→ Your goal:
Return the records word for word. Any pictures in them are not part of the copy.

++++

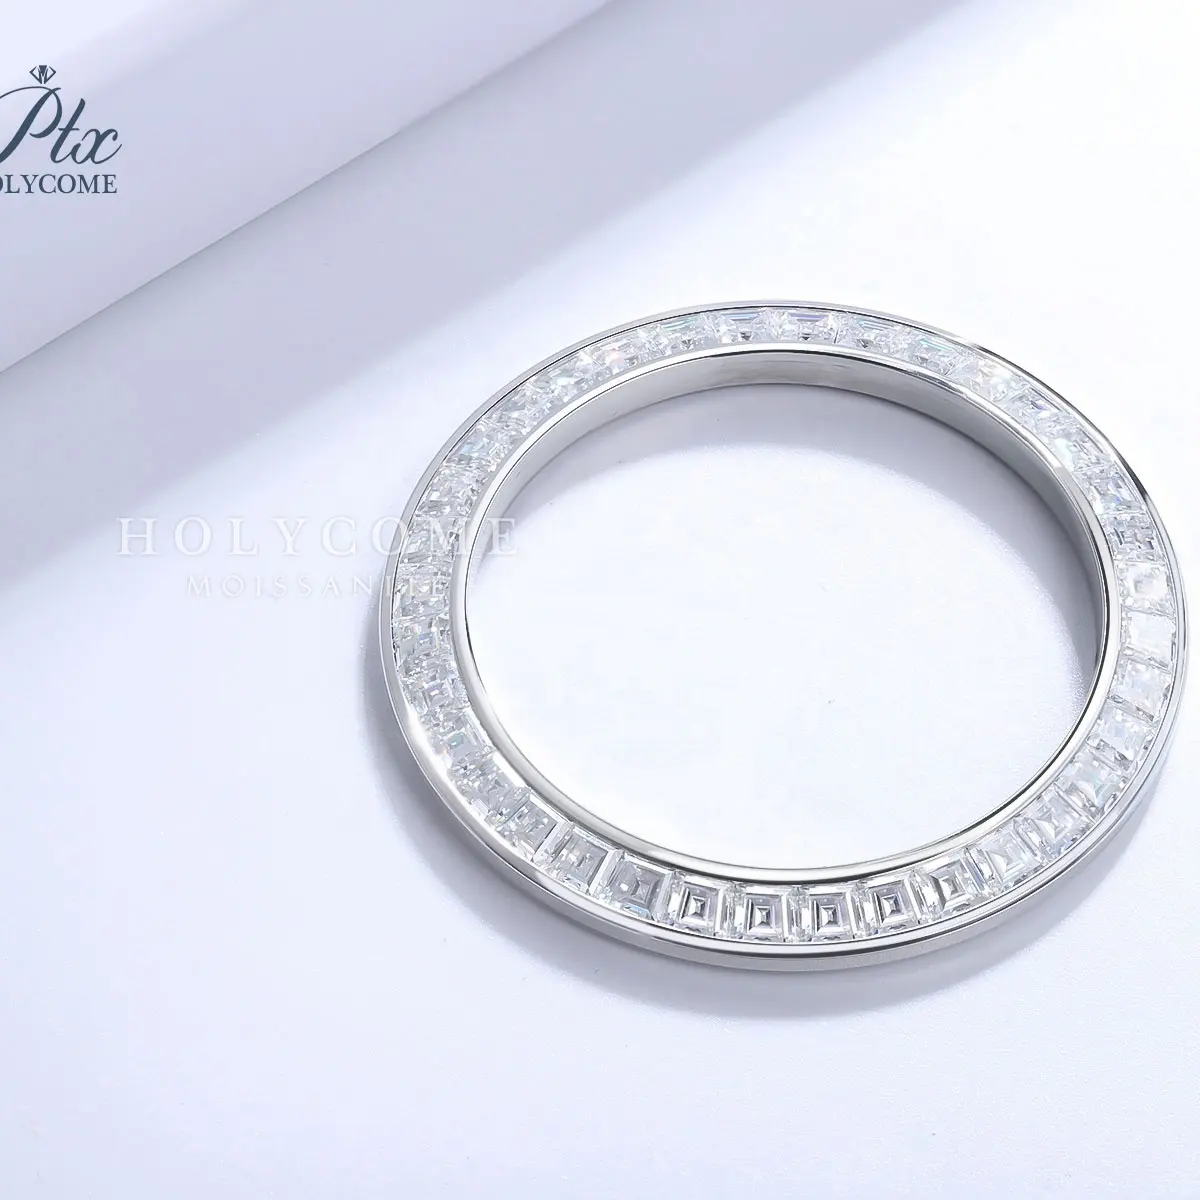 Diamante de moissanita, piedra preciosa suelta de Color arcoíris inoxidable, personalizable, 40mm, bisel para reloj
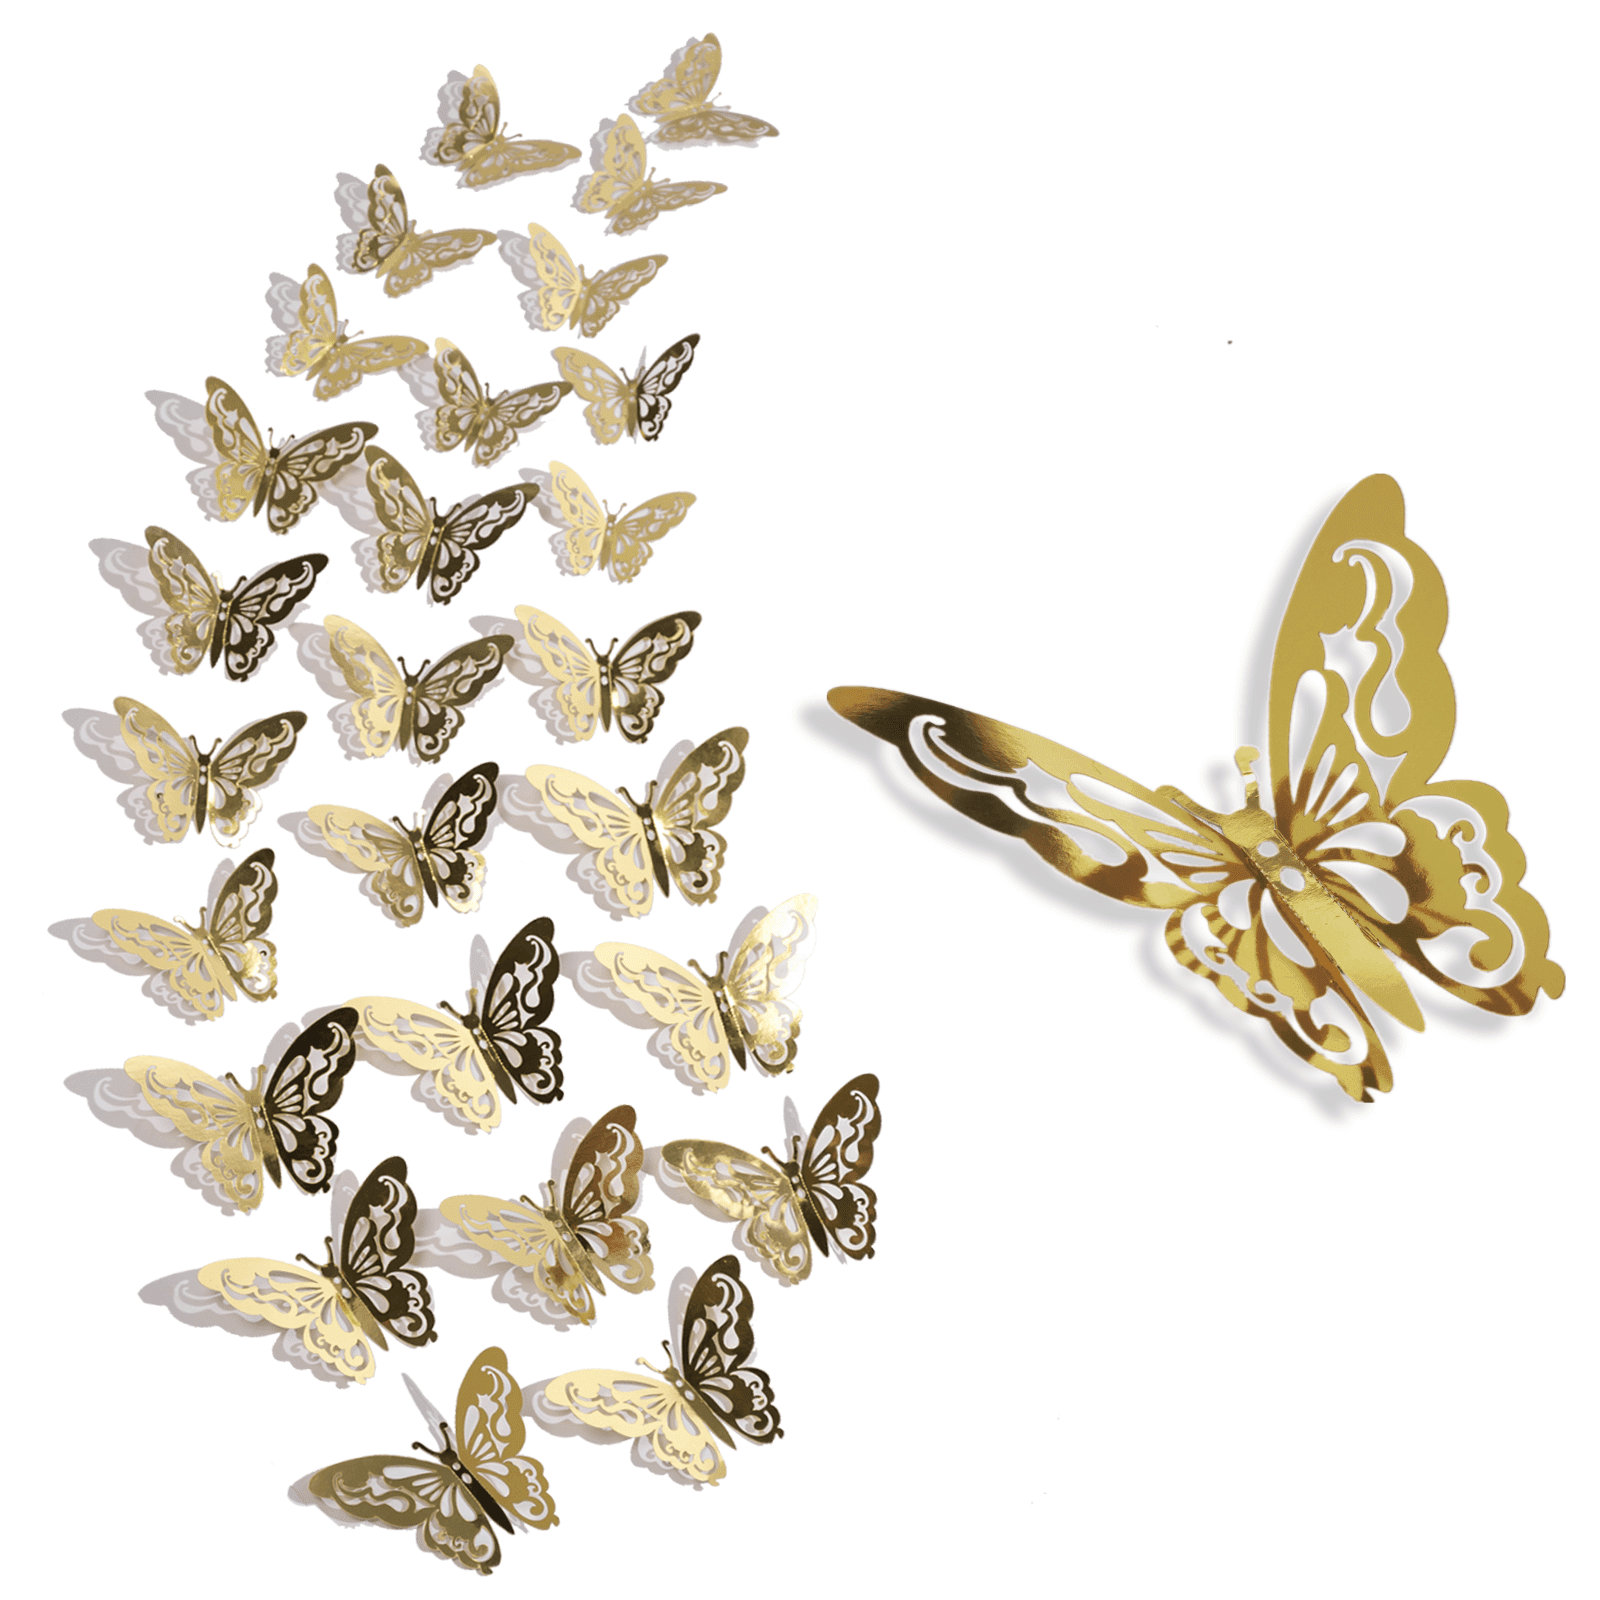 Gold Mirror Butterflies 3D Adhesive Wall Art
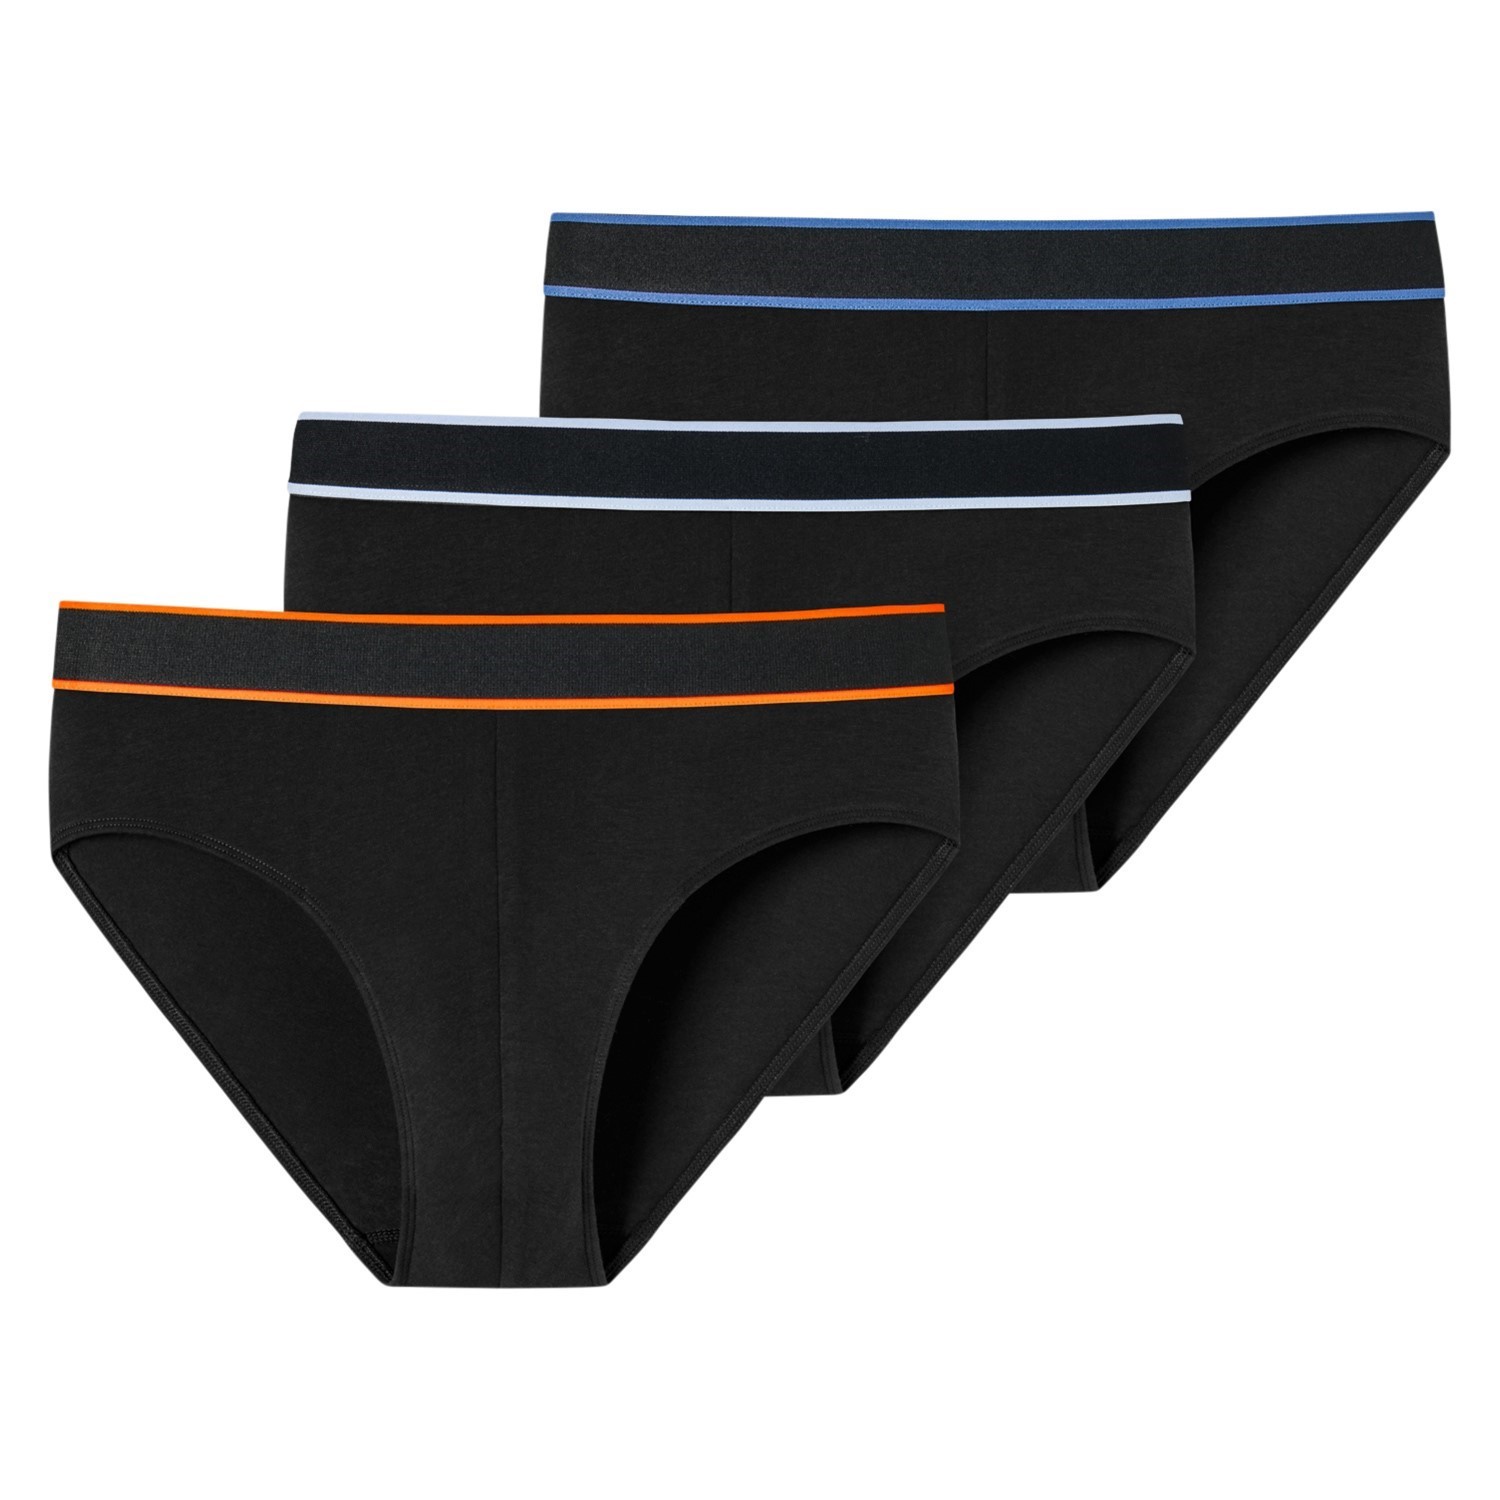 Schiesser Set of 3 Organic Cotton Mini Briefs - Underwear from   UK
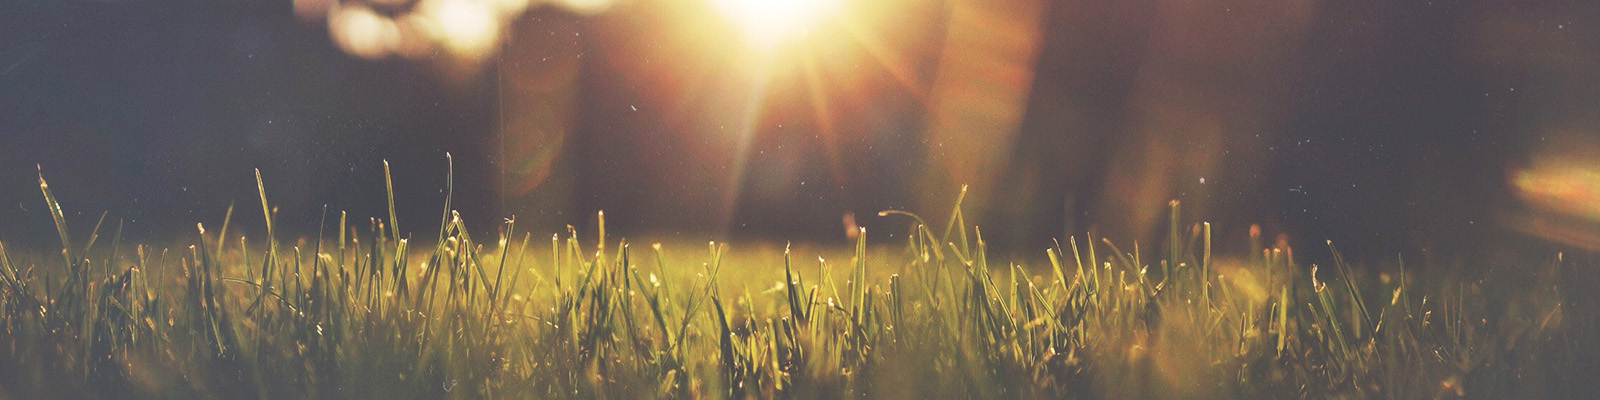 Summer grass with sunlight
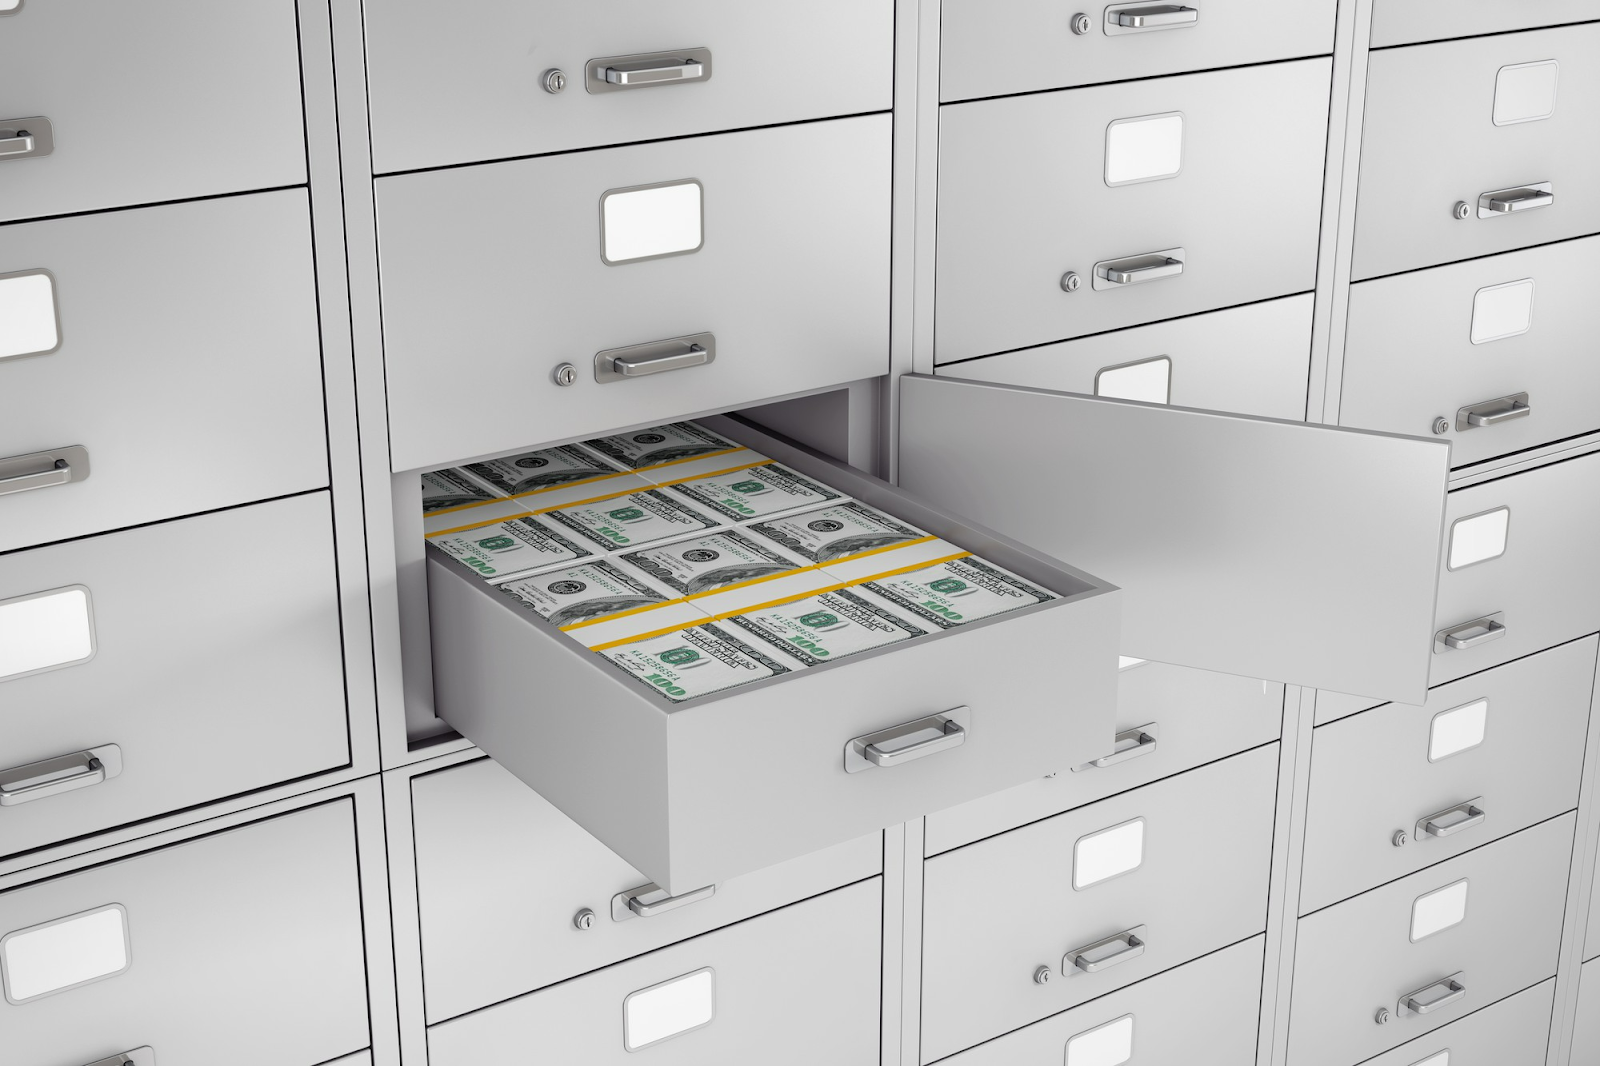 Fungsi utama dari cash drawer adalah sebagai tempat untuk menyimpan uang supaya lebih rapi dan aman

++++

→ Response area:
 Diamante de moissanita, piedra preciosa suelta de Color arcoíris inoxidable, personalizable, 40mm, bisel para reloj
 Gold Mirror Butterflies 3D Adhesive Wall Art
 Schiesser Set of 3 Organic Cotton Mini Briefs - Underwear from   UK
 Summer grass with sunlight
 Fungsi utama dari cash drawer adalah sebagai tempat untuk menyimpan uang supaya lebih rapi dan aman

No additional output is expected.